もし、自分には選択肢がないと感じているならば、選択肢の存在に気がついていないだけなのかもしれません。
人間は往々にして、自分の思い通りにいかない状況に置かれると、視野が狭くなり、無限に存在する選択肢に目を向けられなくなったりするものです。
あるいは、ある選択肢を選んだときに生じるリスクから無意識に避け、選択肢がないと思い込んでいるということもあるでしょう。
会社への不満も自分の選択の結果
現在の日本社会では、会社に不満がある人はたくさんいらっしゃると思います。
根本的なことを言うと、不満があれば辞めればよいだけの話です。
不満があるが会社にいるということは、さまざまな理由で「辞めない」という意思決定をしているということです。
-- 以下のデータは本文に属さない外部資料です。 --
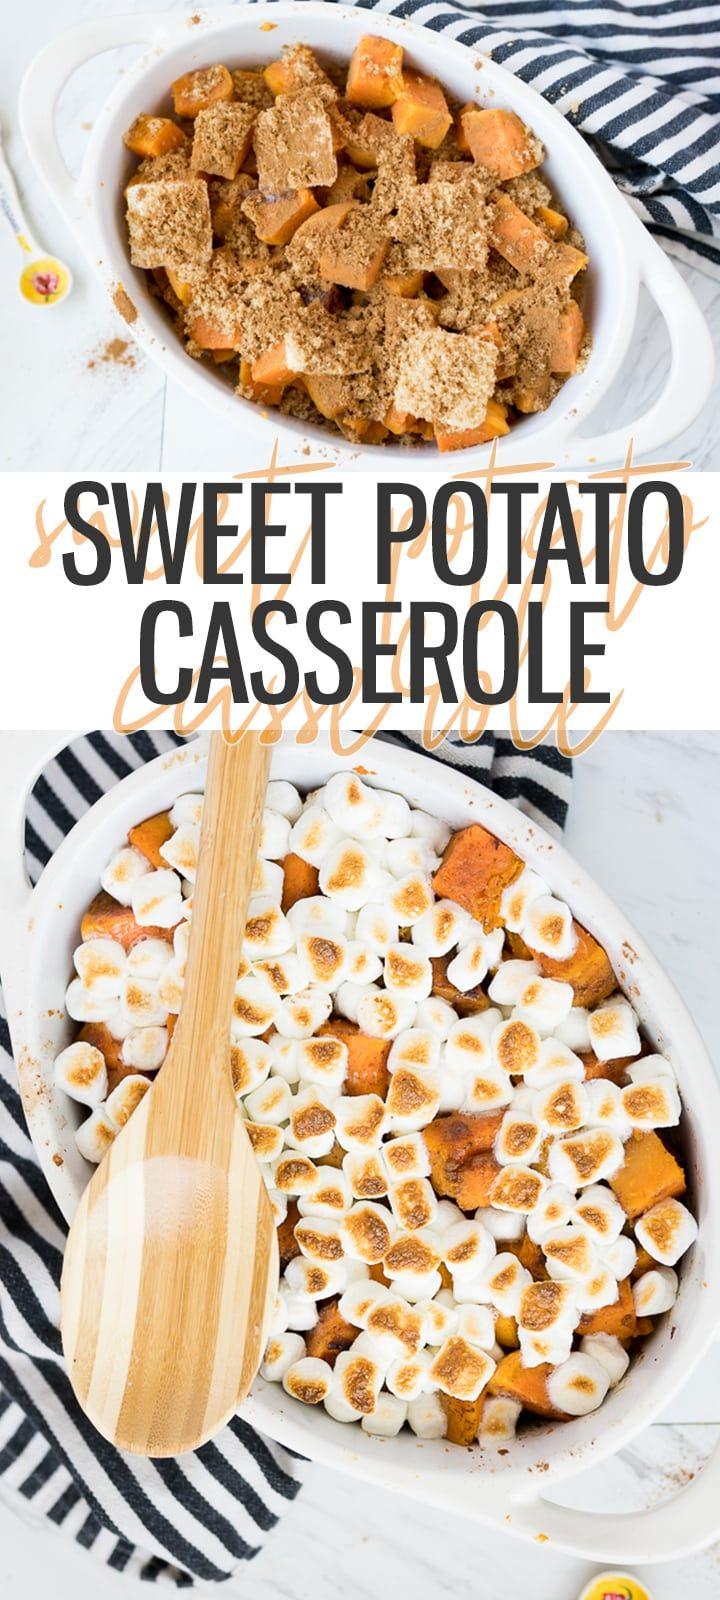 Easy Sweet Potato Casserole - Cooking With Karli #sweetpotatocasserole

辞めたときの「就職先が見つからない」「所得が減る」などのリスクを心配しているからかもしれません。
あるいは、「多少不満はあるけどこの会社が好きだ」ということかもしれません。
いずれにしても、現在の会社を選んでいるのは、自分の意思決定です。
また、役職や評価、給料については、自分では直接的には決めることができないかもしれません。
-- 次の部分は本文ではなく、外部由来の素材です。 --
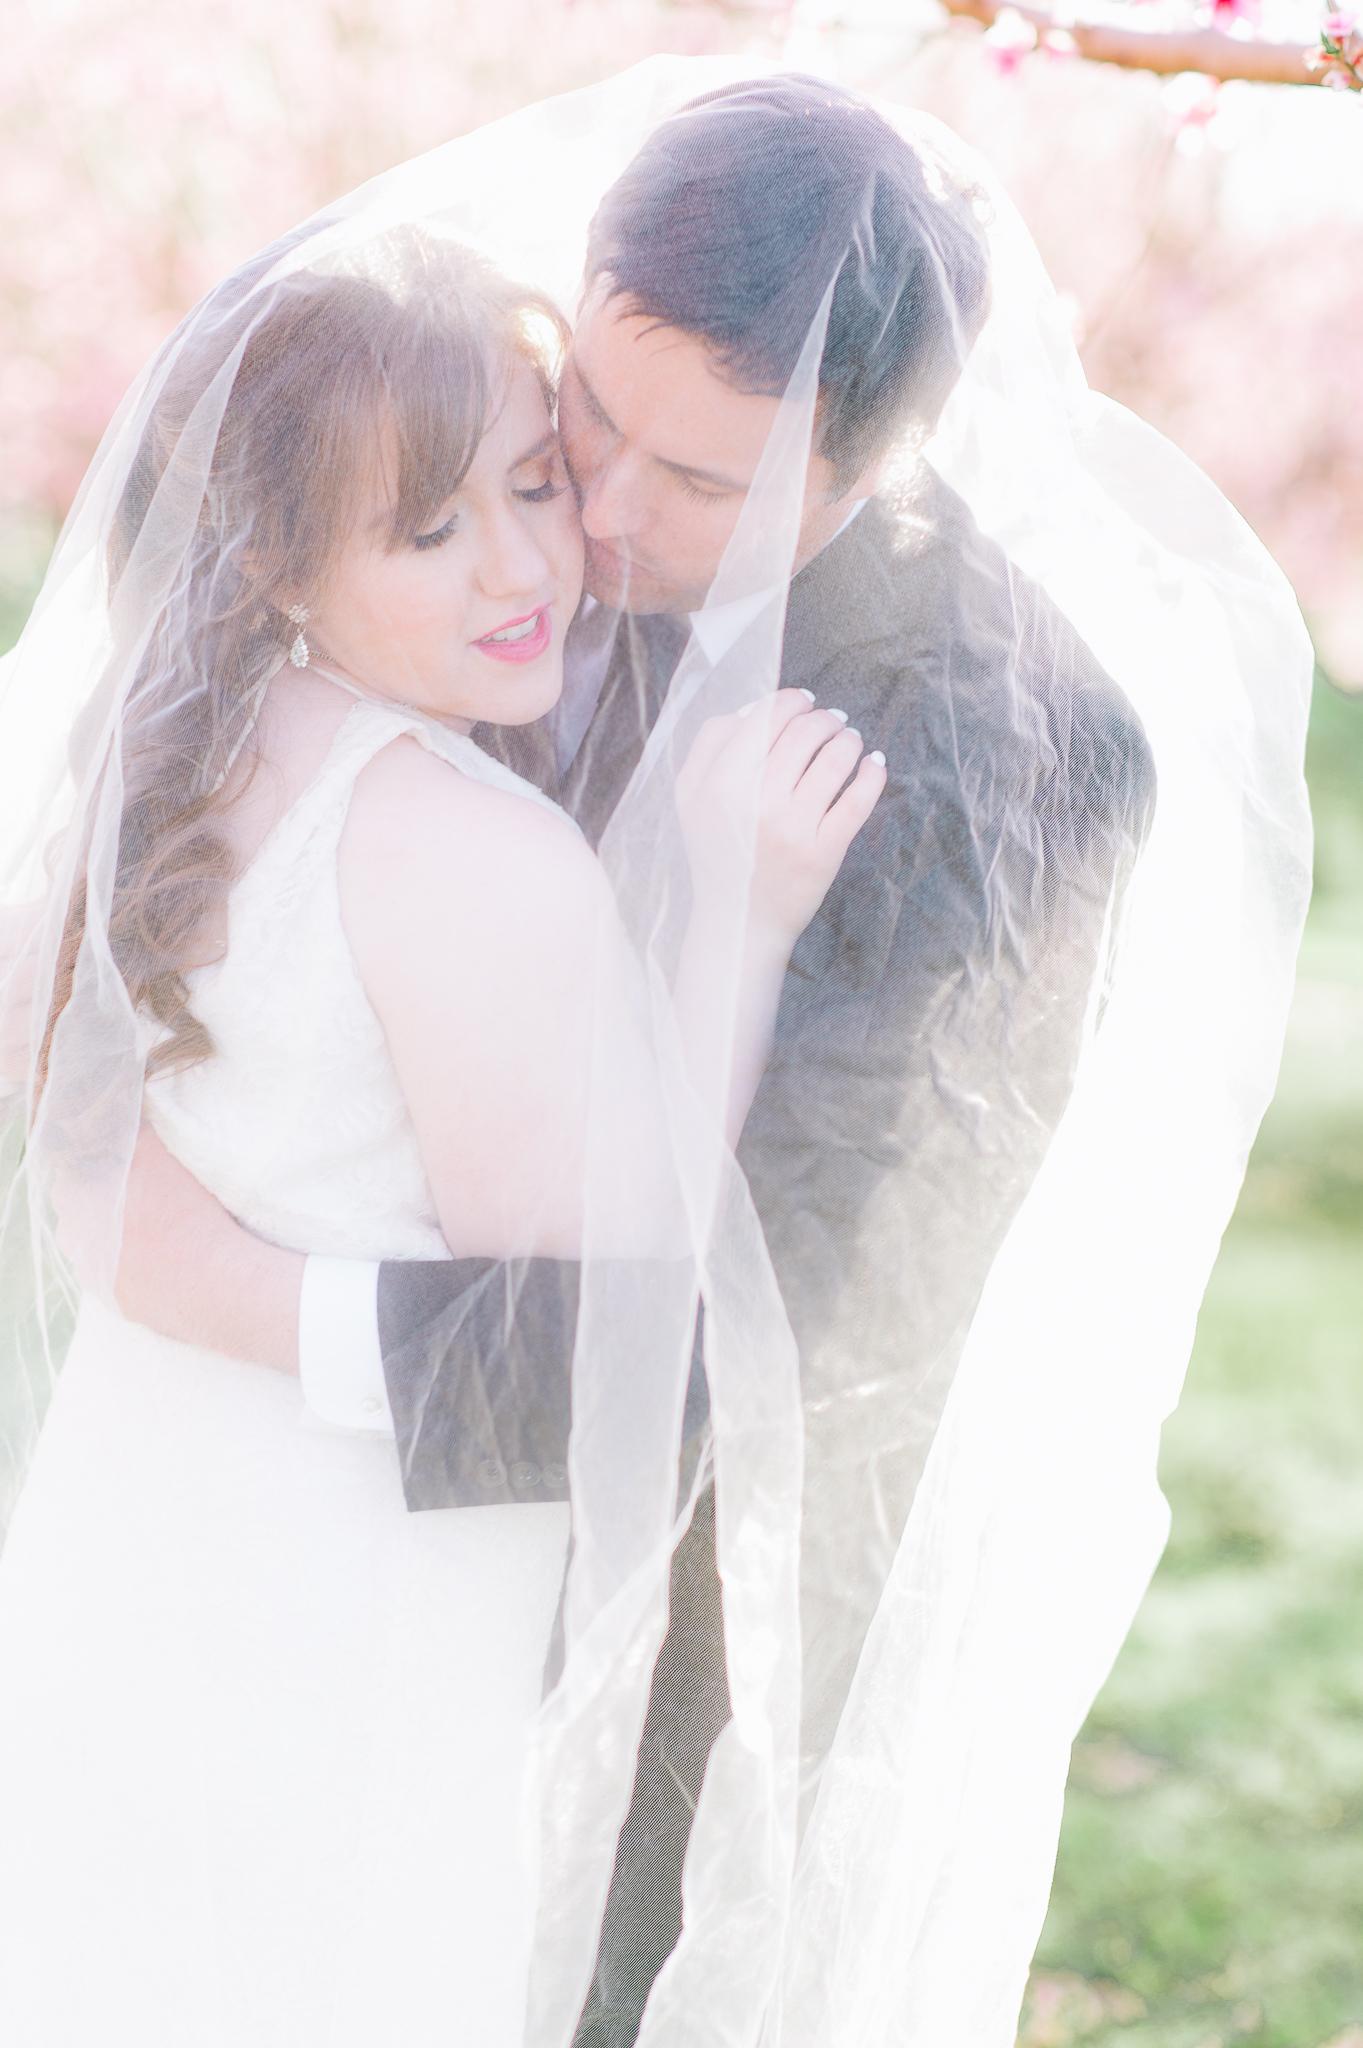 springwedding_cherryblossoms_virginiaphotographer_youseephotography_styledshoot (536).jpg

しかし、これらは毎日の意思決定の積み重ねによって生まれています。
「どんな行動をとるのか」
「どんな言葉を発するのか」
「どんな表情や態度でいるのか」
「何にどれだけ時間を使うのか」
「自分をどのように成長させるのか」
などの一瞬一瞬の意思決定が積み重なり、現在のすべての状況を形成しています。
このように考えると、自分を取り巻く環境のほとんどが、自己責任で生じています。
実際には、自分の力ではどうすることもできないこともありますが、それでも「自分が選んでいる」と考えることが「自律」です。
そして、お互いに自律しているということが、共創関係を築くうえでは大切な要素になると思います。
ここまで話を進めてくると、「自律していない人が会社にいる場合はどうするのか?」というご質問をいただくので、この点については次回に考えたいと思います。